上面是一个标准的TFRecord数据的写入和读取部分过程,大家应该发现了,读取TFRecord数据的时候,得知道TFRecord数据保存的属性名和类型,任何一项不匹配,都会导致无法获取数据。

如果数据的写入和读取都是自己一个人完成,那就没问题。但是如果写入和读取是跨团队合作时候,如果每次读取数据都得让对方给完整的属性名和属性类型,那效率就太低了。

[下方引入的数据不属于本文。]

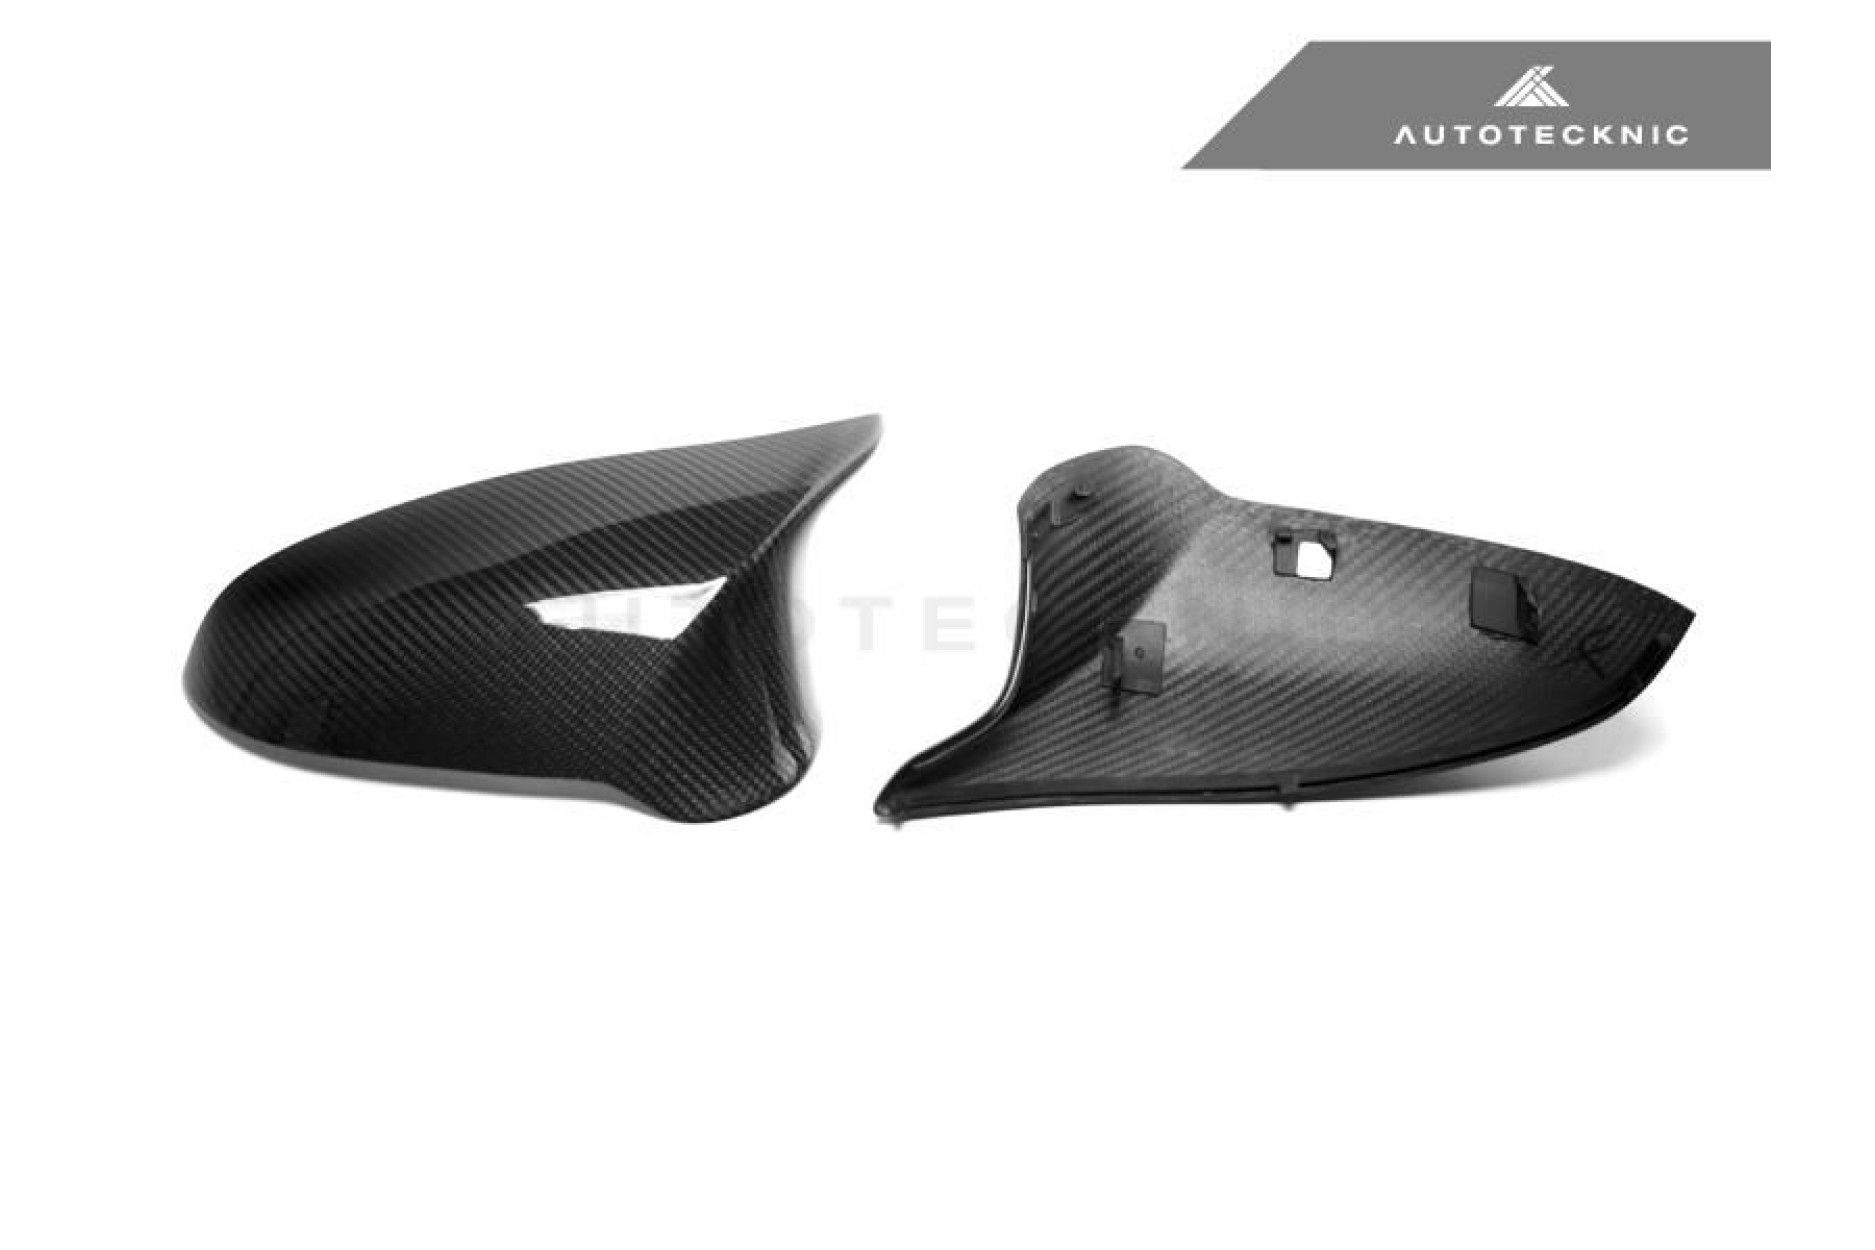 AutoTecknic Carbon Austausch-Spiegelkappen V2 für BMW F87 M2 Competition  F8X M3 M4 - online kaufen bei CFD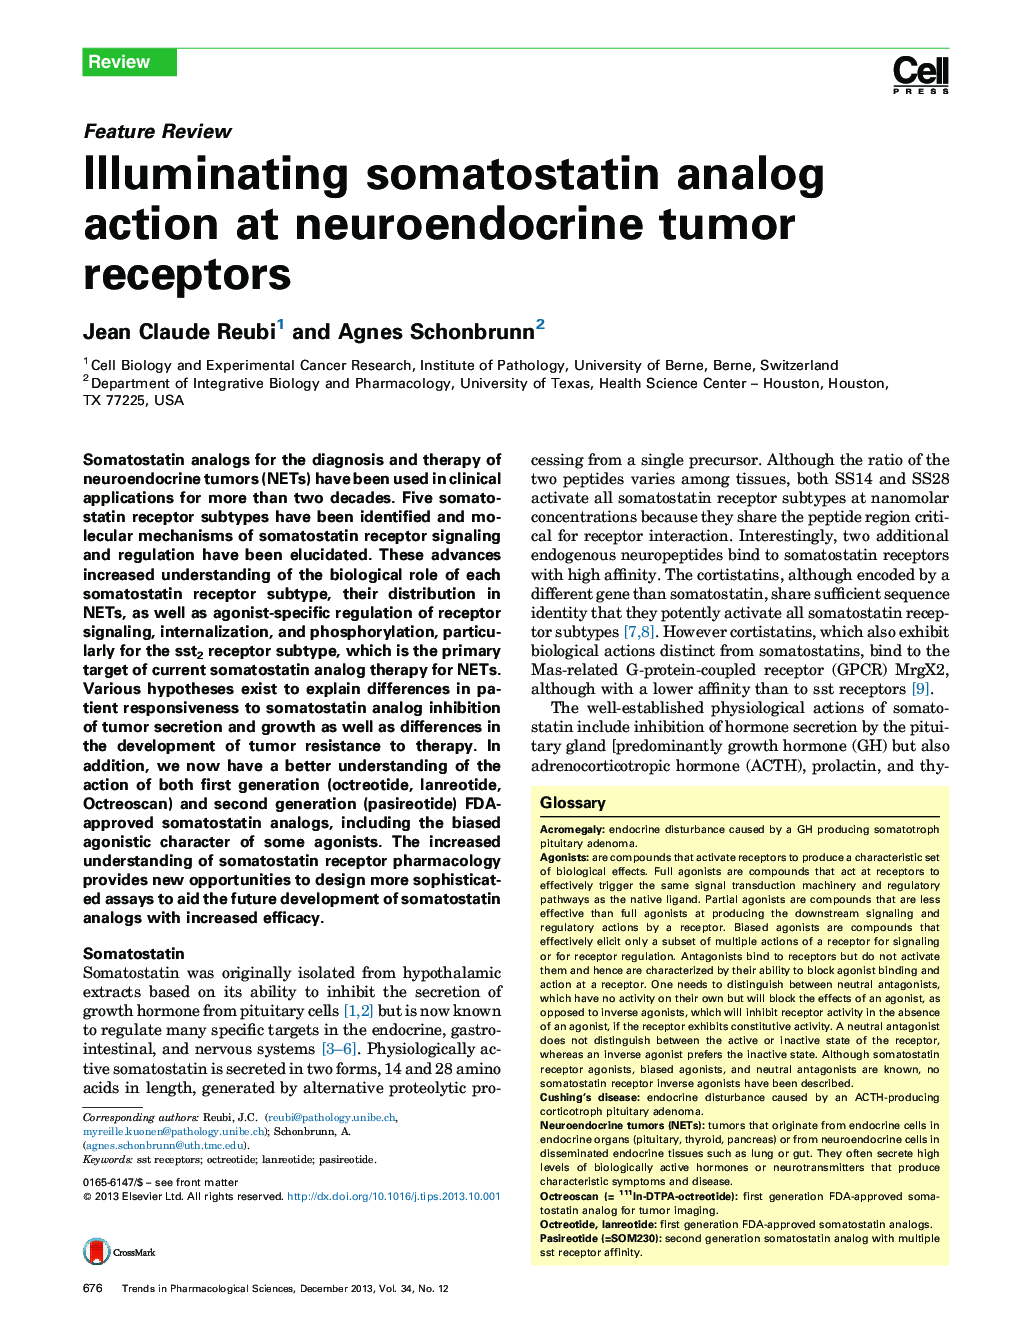 Illuminating somatostatin analog action at neuroendocrine tumor receptors

毕竟TFRecord数据已经包含了一切,自己动手丰衣足食。

那么怎么查看TFRecord数据呢?使用python tf.train.Example.FromString (serialized_example)方法,方法的入参是TFRecord包含的数据字符串。

然后,我直接将上诉查看的过程写成了一个py脚本,需要自取。

　　　　　　# !/usr/bin/python 　　# - * -编码:utf - 8 - * 　　　　导入系统　　进口tensorflow特遣部队　　　　#用法:python trackTFRecord。py真正file1 file2 　　# trackTFRecord。py就是当前这个py文件　　#真表示是否输出具体的数据　　# file1 file2表示的是需要查看的TFRecord文件的绝对路径　　#输出说明:tf.float32对应TFRecord的FloatList, tf.int64对应Int64List, tf.string对应BytesList 　　def main (): 　　打印(“TFRecord文件个数为{0}个“.format (len (sys.argv) 2)) 　　因为我在范围(2,len (sys.argv)): 　　filepath=sys.argv[我] 　　与tf.Session税(): 　　文件名=[filepath] 　　#加载TFRecord数据　　ds=tf.data.TFRecordDataset(文件名) 　　ds=ds.batch (10) 　　ds=ds.prefetch (buffer_size=tf.contrib.data.AUTOTUNE) 　　迭代器=ds.make_one_shot_iterator () 　　#为了加快速度,仅仅简单拿一组数据看下结构　　batch_data=https://www.yisu.com/zixun/iterator.get_next () 　　res=sess.run (batch_data) 　　serialized_example=res [0] 　　example_proto=tf.train.Example.FromString (serialized_example) 　　特点=example_proto.features 　　打印('{0}信息如下:“.format (filepath)) 　　在features.feature关键: 　　特点=features.feature(例子) 　　ftype=没有　　fvalue=https://www.yisu.com/zixun/None 　　如果len (feature.bytes_list.value)> 0: 　　ftype=' bytes_list ' 　　fvalue=https://www.yisu.com/zixun/feature.bytes_list.value 　　　　如果len (feature.float_list.value)> 0: 　　ftype=' float_list ' 　　fvalue=https://www.yisu.com/zixun/feature.float_list.value 　　　　如果len (feature.int64_list.value)> 0: 　　ftype=' int64_list ' 　　fvalue=https://www.yisu.com/zixun/feature.int64_list.value 　　　　结果={0}:{1}。格式(关键,ftype) 　　如果“真正的”==sys.argv [1]: 　　结果={0}:{1}。格式(因此,fvalue) 　　打印(结果) 　　　　if __name__==癬_main__”: 　　main () 　　　　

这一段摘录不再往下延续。